┏━━

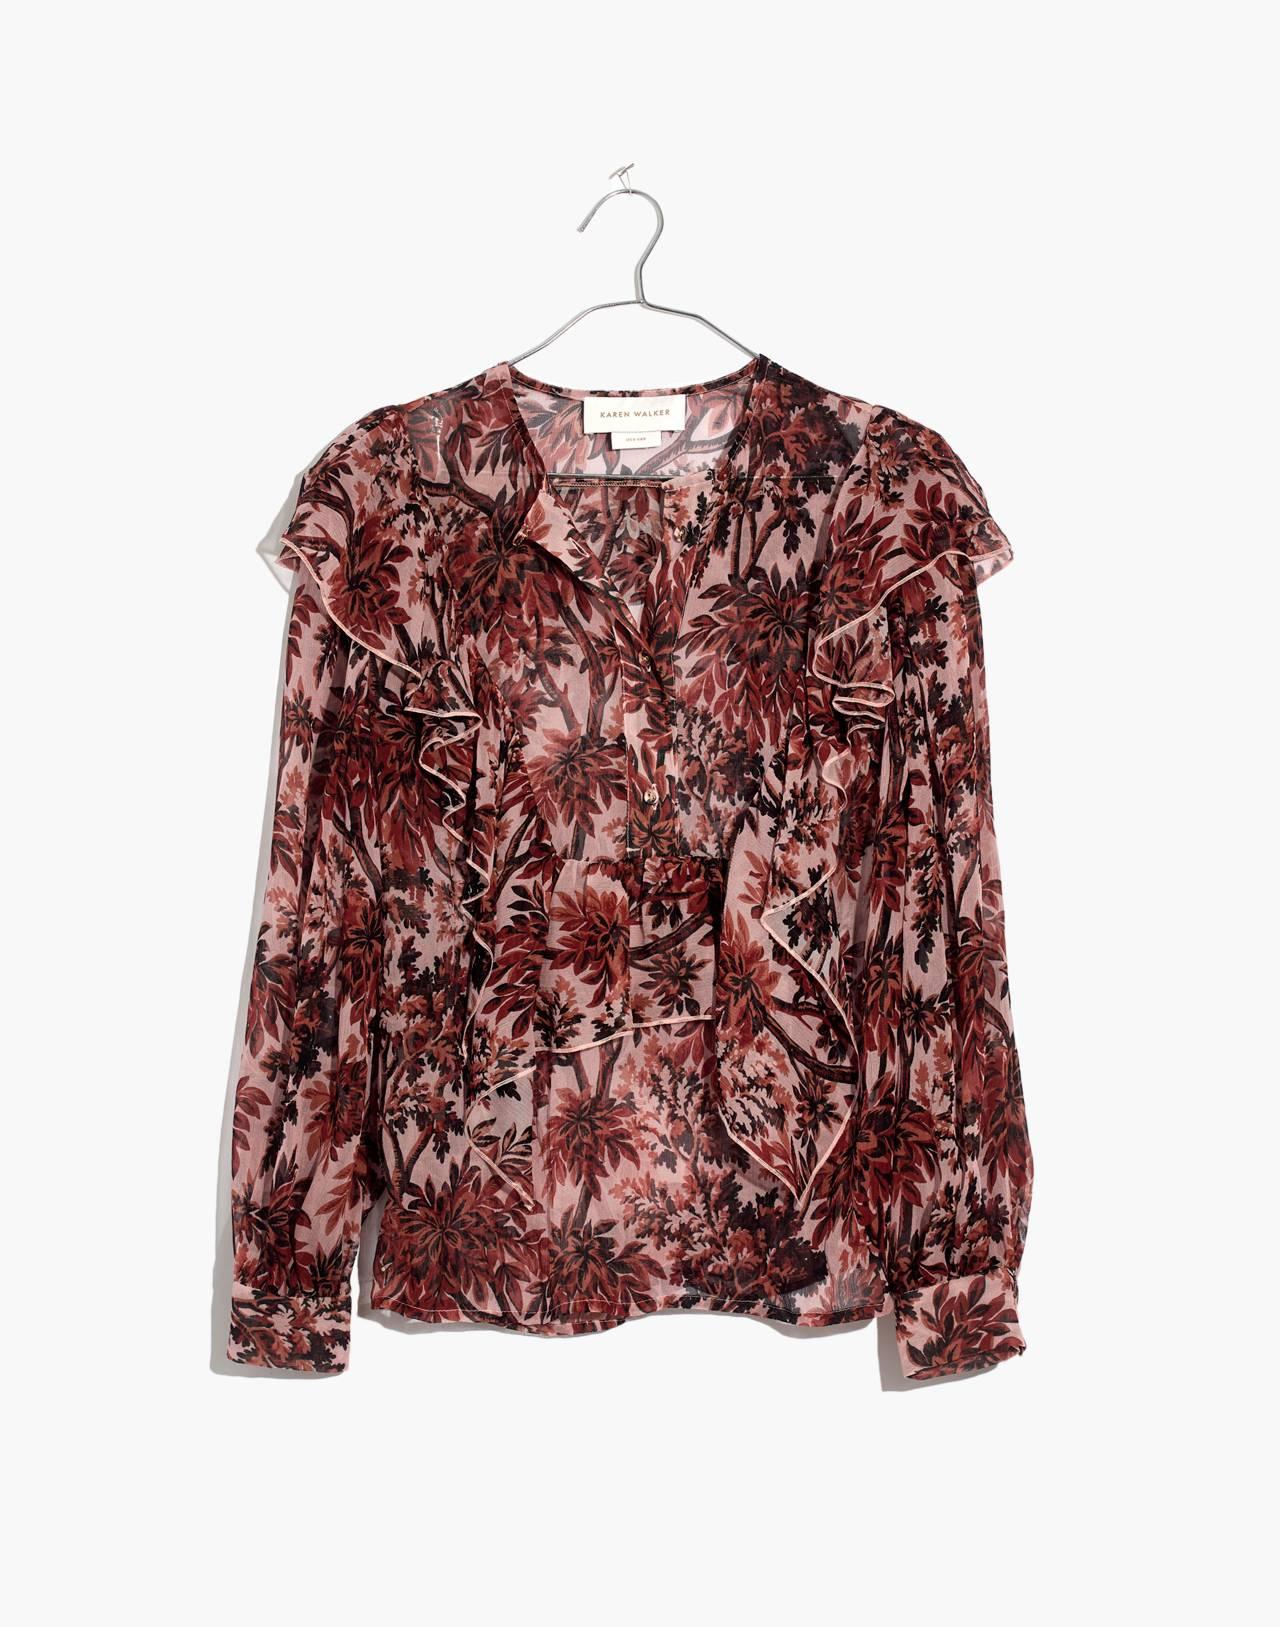 Karen Walker® Silk Eugene Ruffle Top in red multi image 4
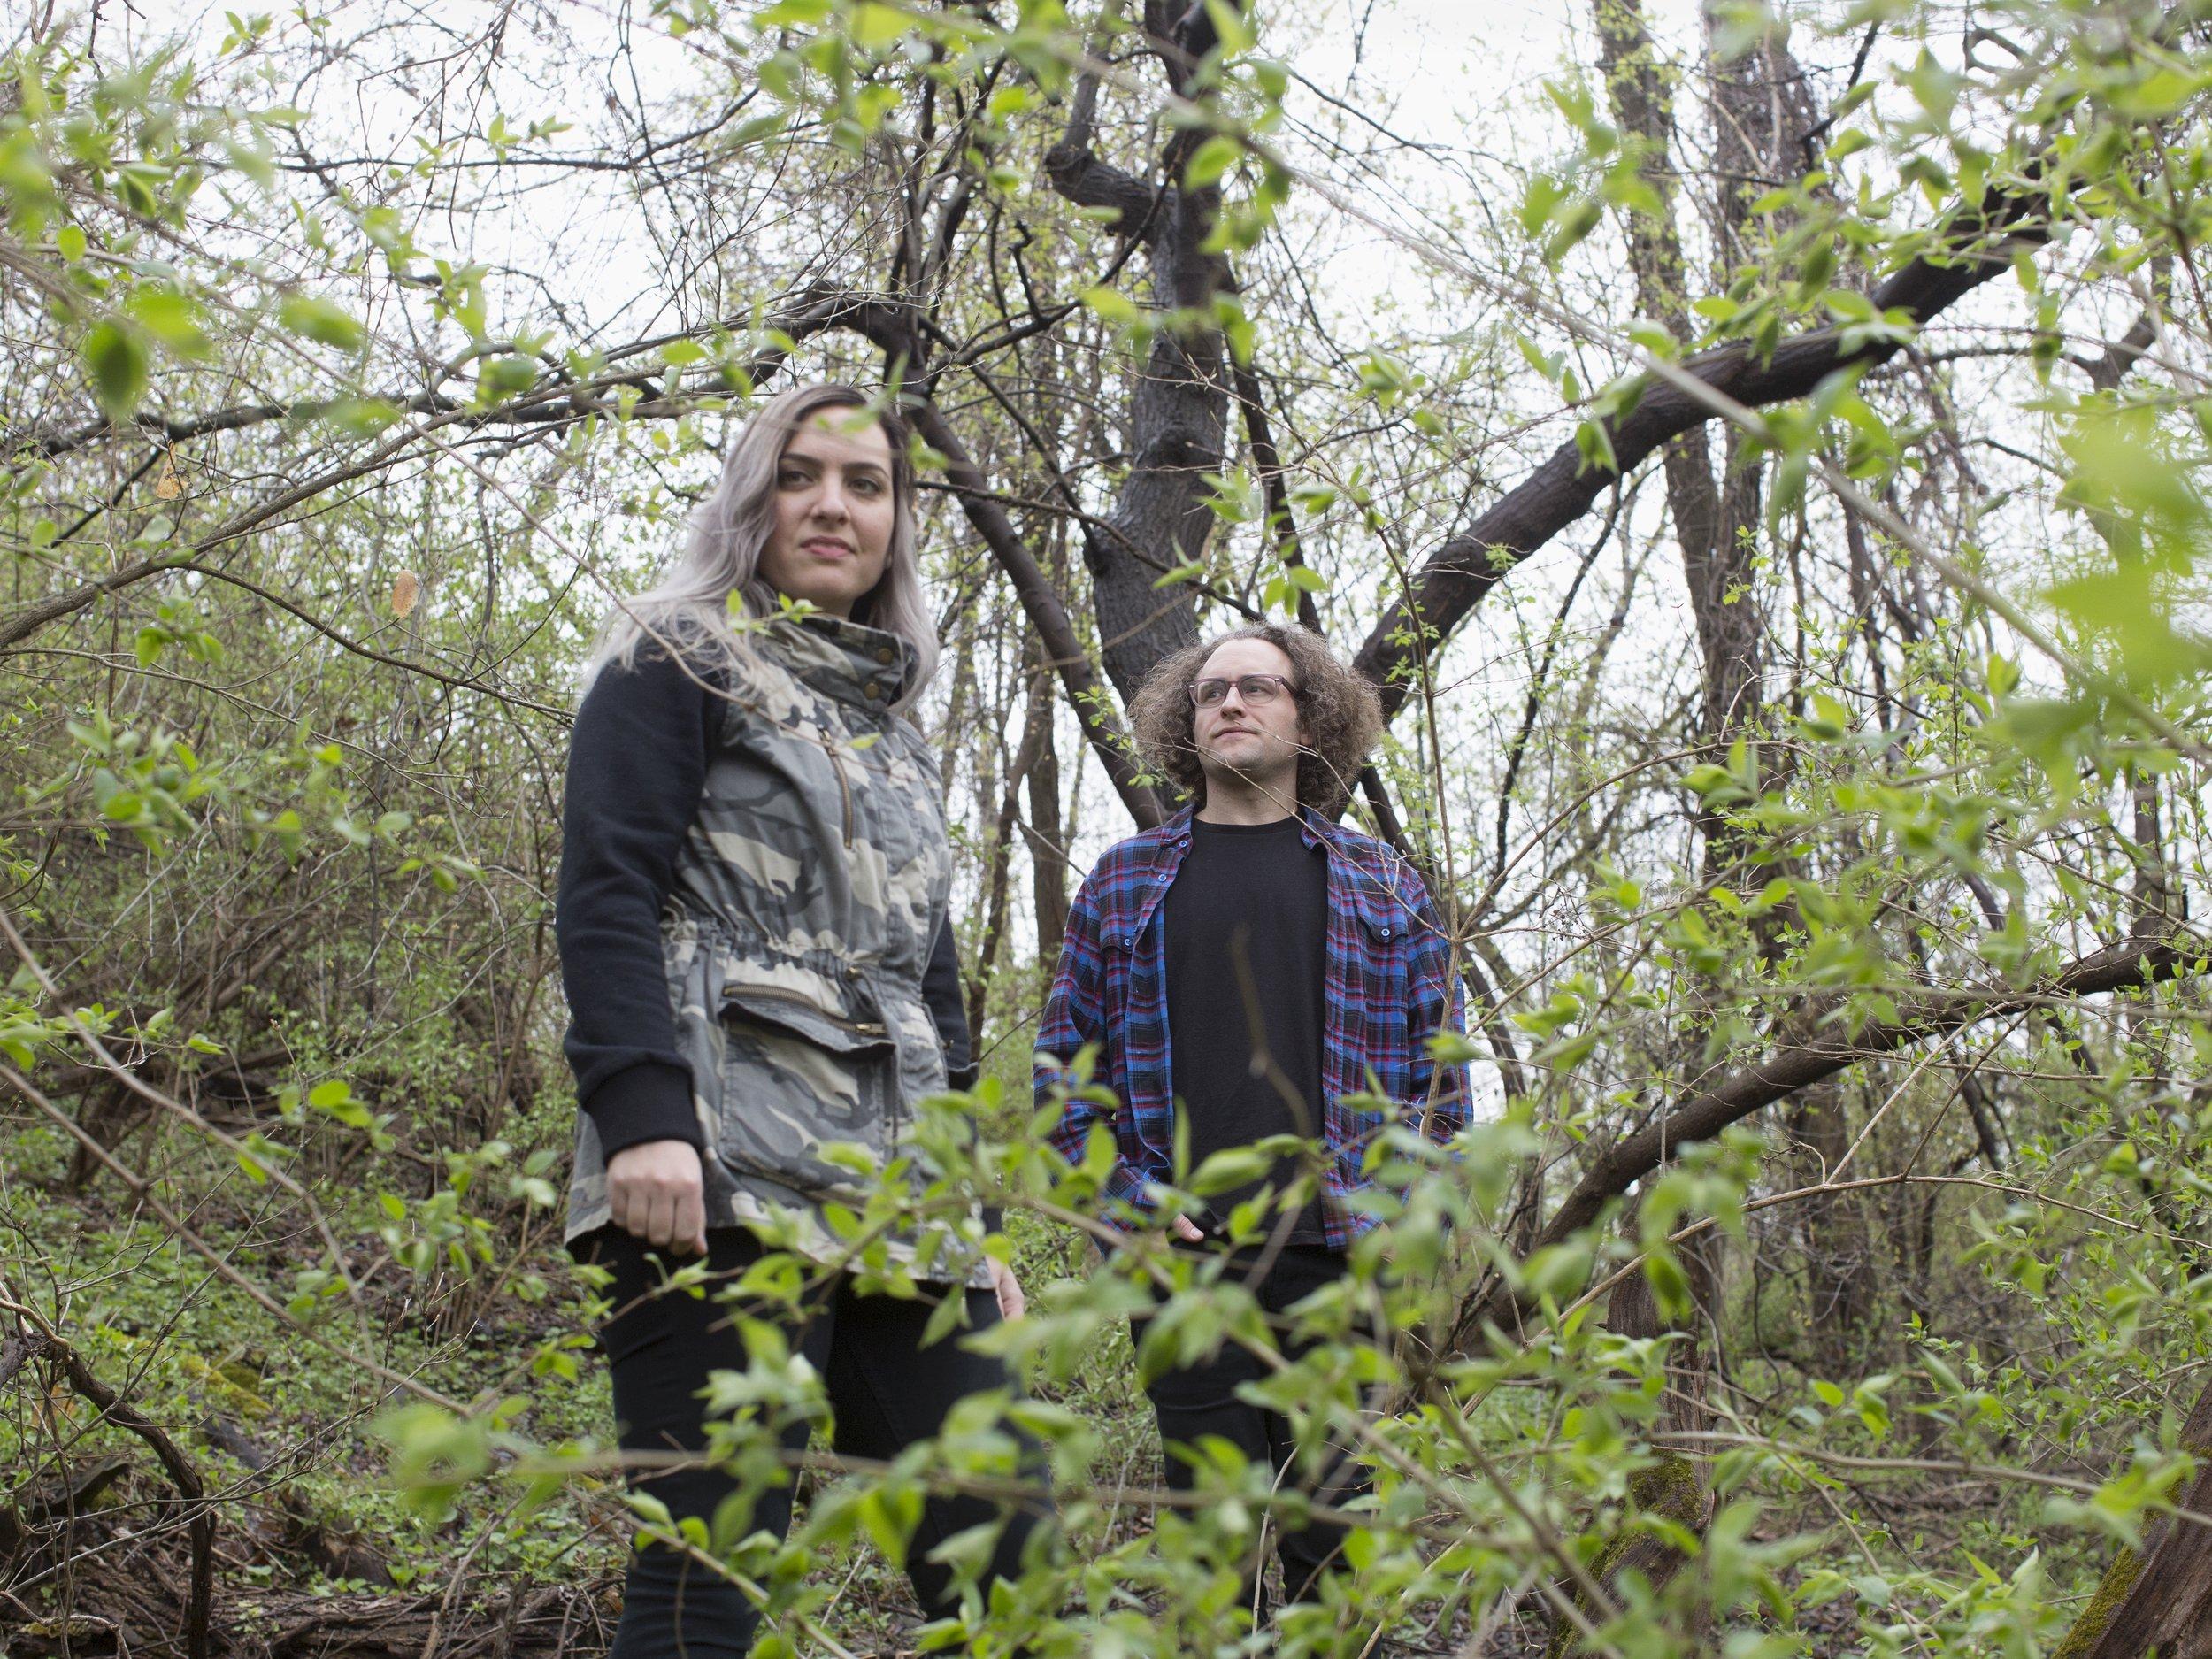 Bethlehem-based punk rock duo Slingshot Dakota will perform Feb. 14 at the Easton Public Market in Easton.  (Courtesy Photo)
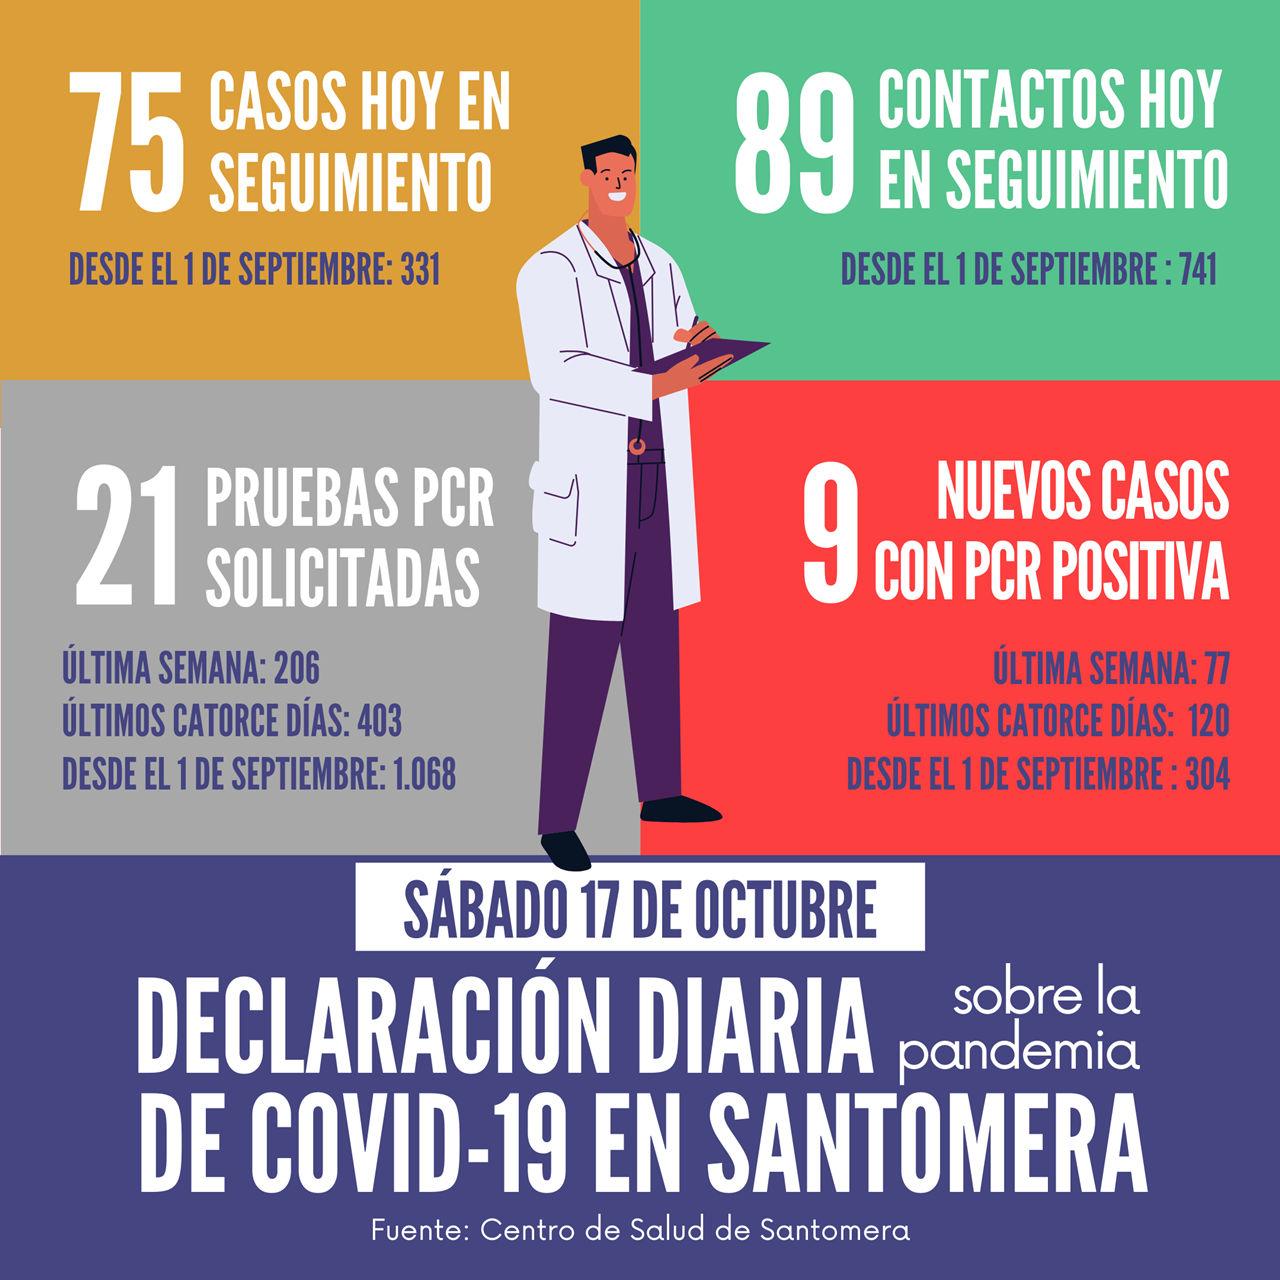 20201017_Datos COVID-19 Santomera

┗━━

The data above must be copied exactly. Leave out the pictures.

 Karen Walker® Silk Eugene Ruffle Top in red multi image 4
 Bethlehem-based punk rock duo Slingshot Dakota will perform Feb. 14 at the Easton Public Market in Easton.  (Courtesy Photo)
 20201017_Datos COVID-19 Santomera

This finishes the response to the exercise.